(CNN) -- A Texas inmate who escaped last week -- on foot even though he was thought to need a wheelchair -- has been recaptured, the U.S. Marshals Service said Monday.
Arcade Comeaux Jr., 49, was carrying two loaded pistols when he was arrested without incident at 7:40 a.m. at a business in Houston, Texas, said U.S. Deputy Marshal Alfredo Perez.
"[Comeaux] was cold, wet, tired and hungry. He had had enough," Perez said. "He was tired of running."
The arrest was made by two Houston police officers responding to a suspicious-person call about a man who matched Comeaux's description.
Comeaux was sitting in the lobby a northeast Houston business, apparently in search of warmth and shelter, when officers approached, according to Houston officer Adrian Rodriguez.
"As soon as we saw him, we knew it was him," Rodriguez said at a news conference Monday afternoon.
Comeaux was serving three life sentences when he escaped on November 30 while being transferred by two armed guards from Huntsville to Stiles.
He produced a weapon and forced the two correctional officers to drive instead to Baytown, near Houston, where he handcuffed them together in the back of the van, took their weapons and one of their uniforms and ran away, officials said.
Perez said authorities haven't confirmed whether the two pistols found on Comeaux Monday are the guards' weapons, "but they look to be the same."
Perez said the marshals service had fielded hundreds of calls of sightings by citizens over the past week, and were responding to a Crimestoppers tip in the same area when they saw Comeaux taken into police custody. More than $30,000 in reward money had been posted by law enforcement agencies for information leading to his arrest.
Comeaux was being transported Monday afternoon back into the custody of the Texas prison system, Perez said.
Comeaux, who was on the marshals' list of 15 most-wanted fugitives, was serving time for aggravated sexual assault and two counts of aggravated assault with a deadly weapon when he escaped. The 6-foot, 200-pound man was shackled and in a wheelchair, which he had said was needed for mobility, according to Michelle Lyons, director of public information for the Texas Department of Criminal Justice in Huntsville.
Some 45 minutes into the transfer trip, as they were driving through Conroe, 40 minutes north of Houston, the prisoner pulled out a pistol and ordered the guards to drive south to Baytown.
He fired once, but hit no one, officials said.
Law enforcement officers found the unharmed officers an hour later.
Comeaux was being transferred so he could be near a hospital in Galveston for treatment of the supposed paralysis he had suffered during a reported stroke, officials said.
Comeaux's criminal record dates back more than three decades. In 1979, he received three 10-year sentences for rape of a child, aggravated rape of a child, and burglary of a building with the intent to commit theft, all in Harris County.
He was released on mandatory supervision in 1983, but he was returned to prison in 1984 after being convicted of indecency with a child and sentenced to 20 years.
In June 1991, he was released on mandatory supervision but returned as a violator four months later. Paroled in December 1993, he was returned as a parole violator a year later. In February 1996, he was again paroled, but was returned to prison in June 1998 with a life sentence for aggravated sexual assault.

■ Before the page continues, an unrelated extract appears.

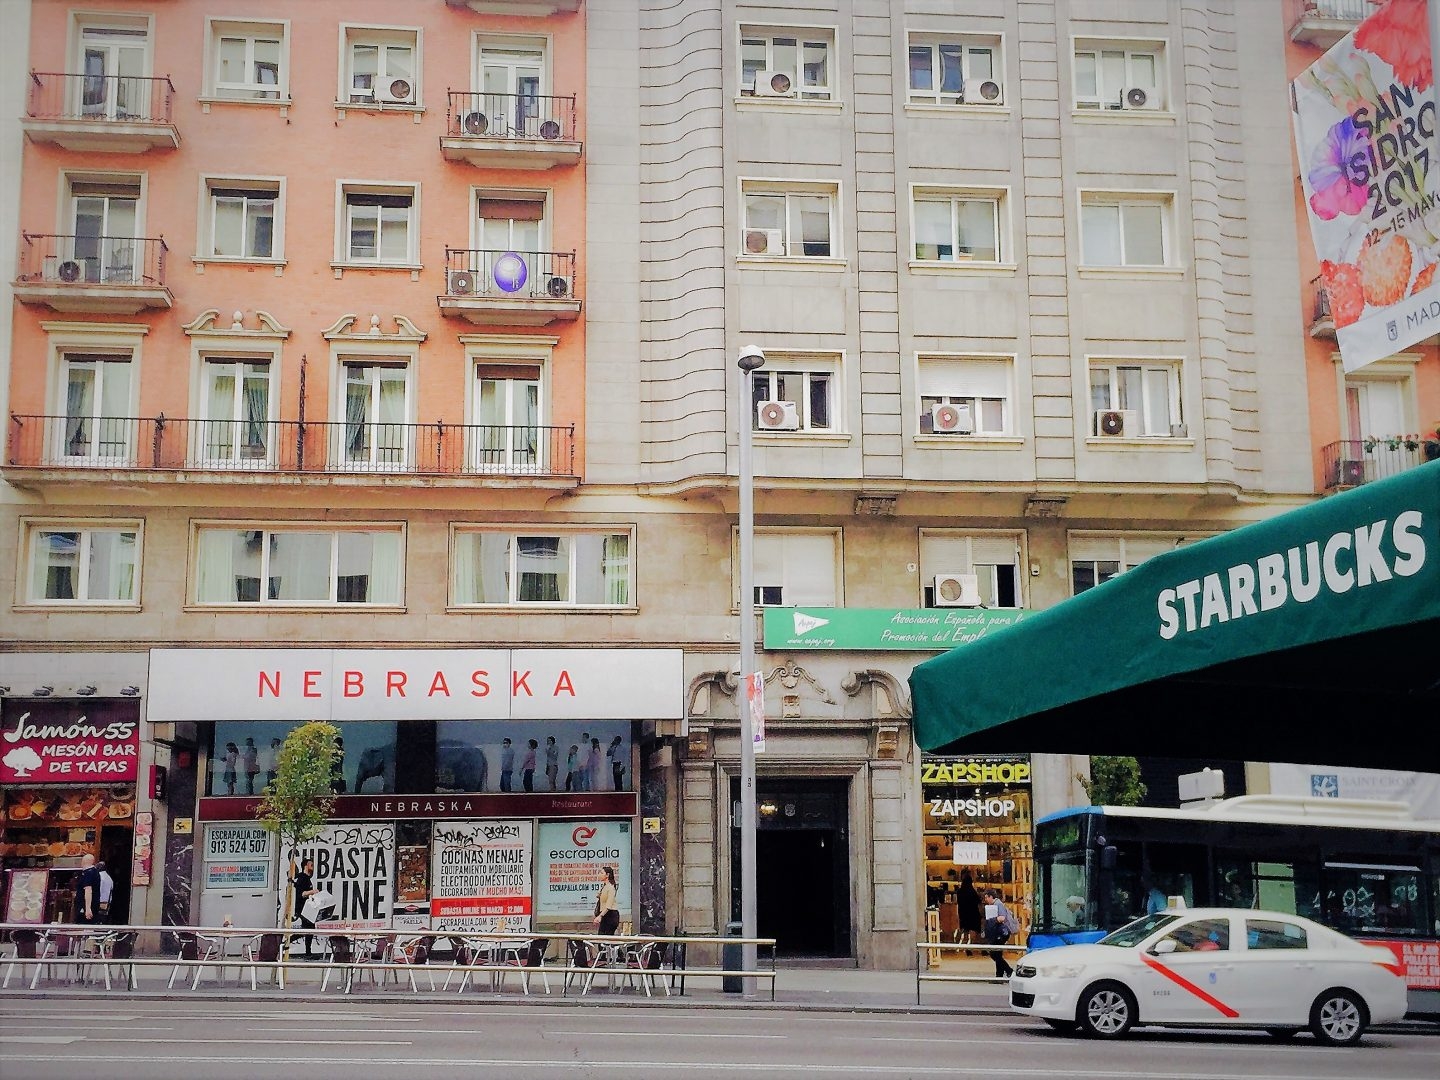 Fachada sellada de la primera cafetería Nebraska en la Gran Vía de Madrid, frente a un local de Starbucks.

Though he had been in prison since, his criminal record didn't end. In July 1999, he used his wheelchair to pin his wife against a wall during a contact visit and stabbed her 17 times with a homemade knife, said John Moriarty, inspector general of the Texas Department of Criminal Justice. He also stabbed another prison visitor who tried to intervene; both victims survived.
For that, Comeaux was convicted on two counts of aggravated assault with a deadly weapon and received two additional life sentences.
He now will face additional felony charges.
His escape led the legislator whose committee oversees Texas' criminal justice system to call for a shakeup of the prison system.
"We just can't have security breaches of this nature," said Sen. John Whitmire, a Democrat from Houston who is chairman of the state Senate's Criminal Justice Committee.
Moriarty said such lapses are highly unusual in the state's penal system. "We have no open gun investigations other than this one," he said. "The last one was several years ago."